Informations de rappel de précision
Vous pouvez utiliser ces informations pour vérifier la précision et le compromis du modèle. Les seuils et les valeurs de précision et de rappel correspondantes sont également fournis dans un tableau au-dessus du diagramme pour chaque entité. Ce tableau vous permettra de choisir le seuil souhaité à configurer dans votre workflow afin de décider quand envoyer les données à Action Center pour Human in the loop. Notez que plus le seuil choisi est élevé, plus la quantité de données acheminées vers Action Center pour Human in the loop sera élevée.
Il existe un diagramme et une table de rappel de précision pour chaque entité.
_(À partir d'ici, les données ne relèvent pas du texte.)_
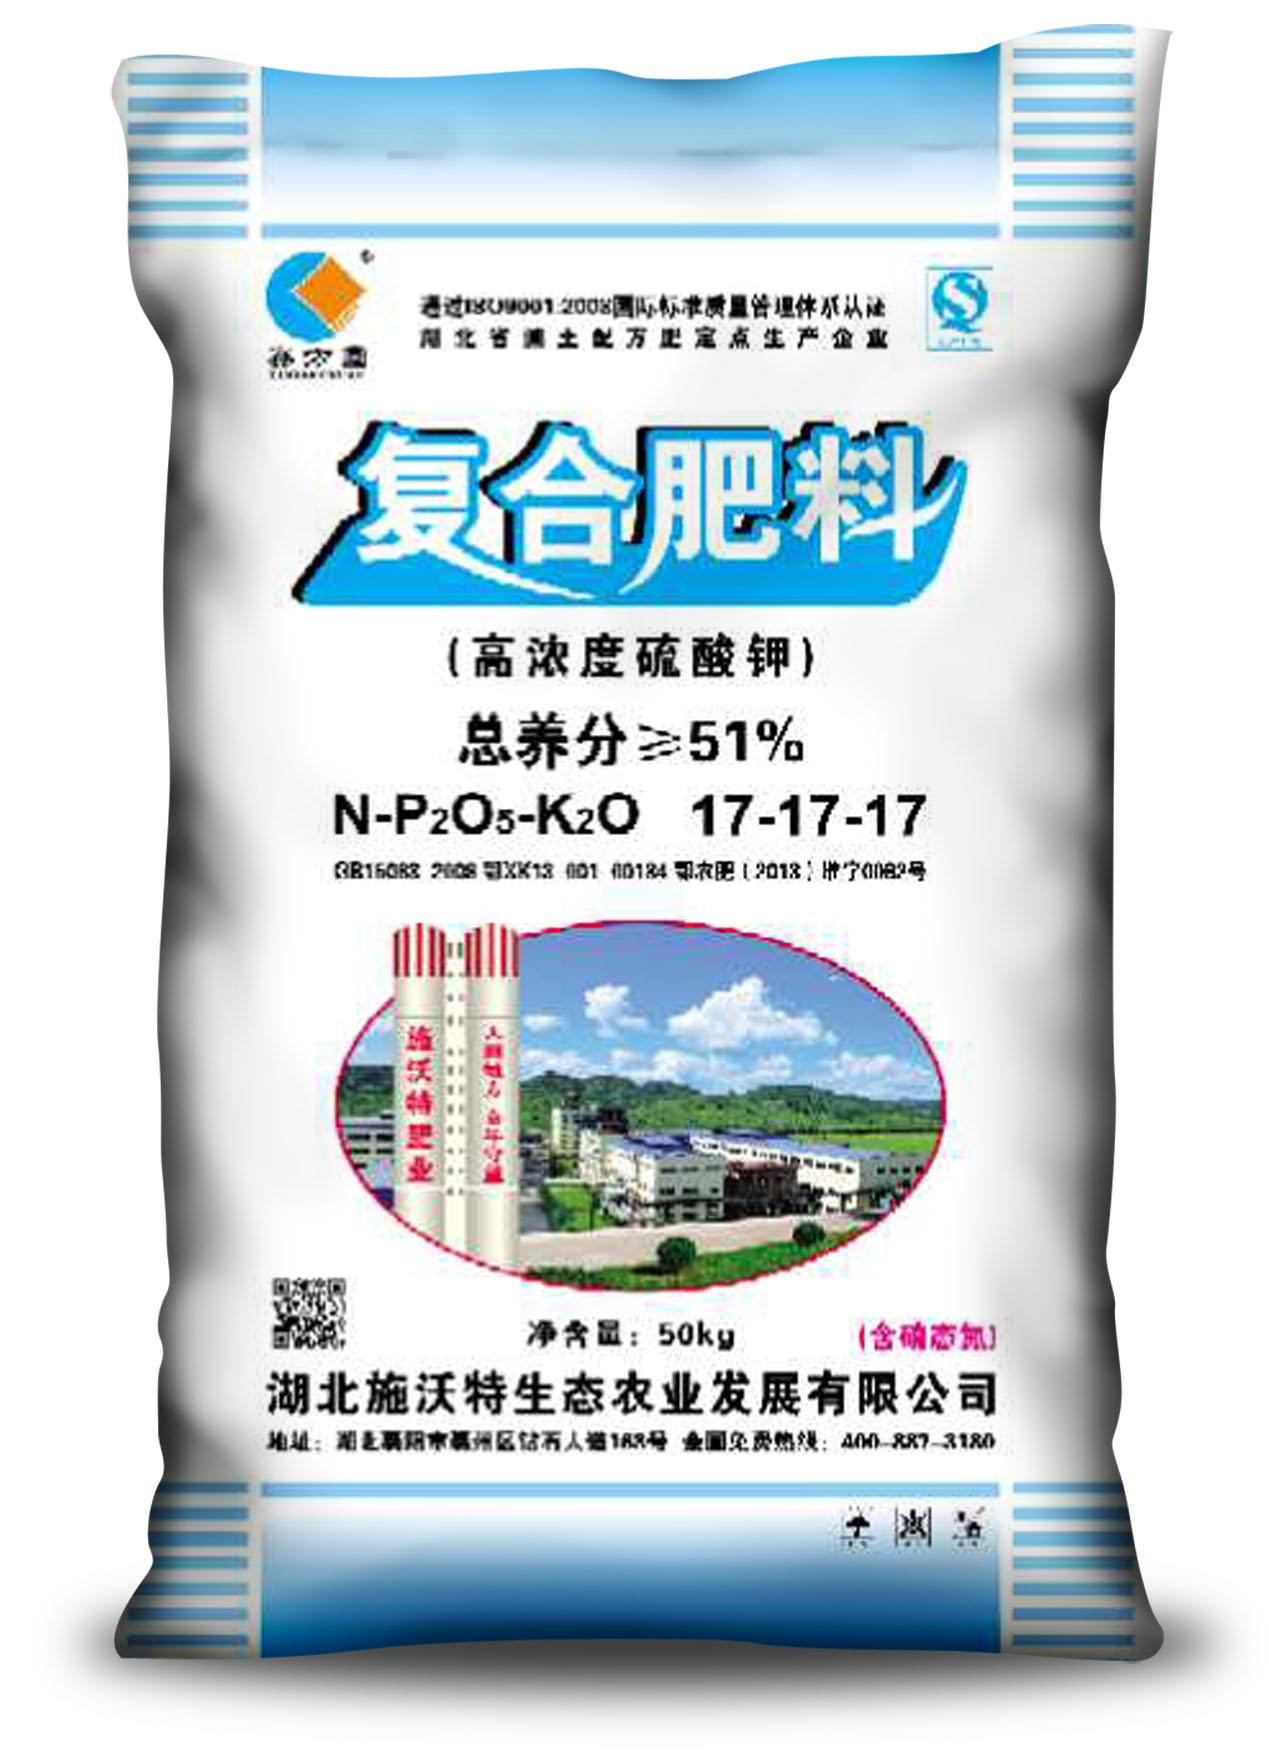 鑫方圆高浓度硫酸钾肥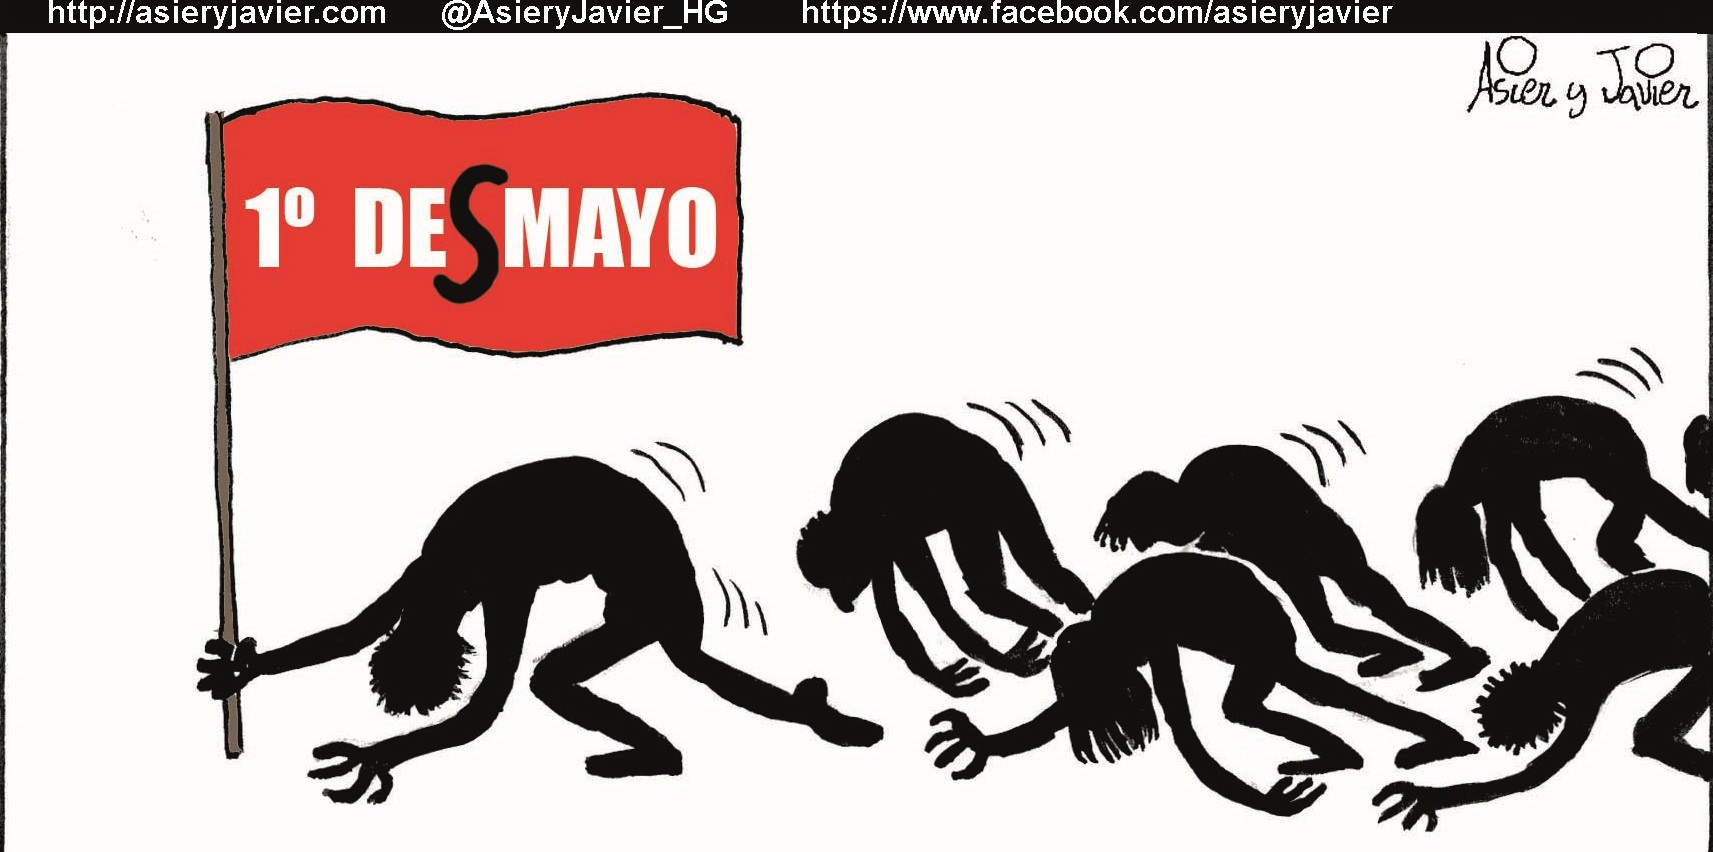 1 de mayo, Día Internacional del Trabajo. Viñeta

Pour obtenir un exemple de table de rappel de précision par entité, consultez le tableau ci-dessous.
seuil | précision | rappel |
---|---|---|
0,5 | 0.9193 | 0.979 |
0.55 | 0.9224 | 0.9777 |
0.6 | 0.9234 | 0.9771 |
0,65 | 0.9256 | 0.9771 |
0.7 | 0.9277 | 0.9759 |
0,75 | 0.9319 | 0.9728 |
0.8 | 0.9356 | 0.9697 |
0.85 | 0.9412 | 0.9697 |
0,9 | 0.9484 | 0.9666 |
0,95 | 0.957 | 0.9629 |
Pour obtenir un exemple de diagramme de rappel de précision par entité, consultez la figure ci-dessous.
Fichier CSV d'évaluation
Il s'agit d'un fichier CSV contenant des prédictions sur l'ensemble de tests utilisé pour l'évaluation. Le fichier contient les colonnes :
- Texte (Text) - Le texte utilisé pour l'évaluation.
- Actual_entities (Actual_entities) : les entités qui ont été fournies en tant que données labellisées dans l'ensemble de données d'évaluation.
- Predicted_entities : les entités que le modèle entraîné a prédites.
- Nombres de types d'erreurs (Error_type_counts) : la différence entre les entités réelles et les entités prévues, classées par types d'erreurs.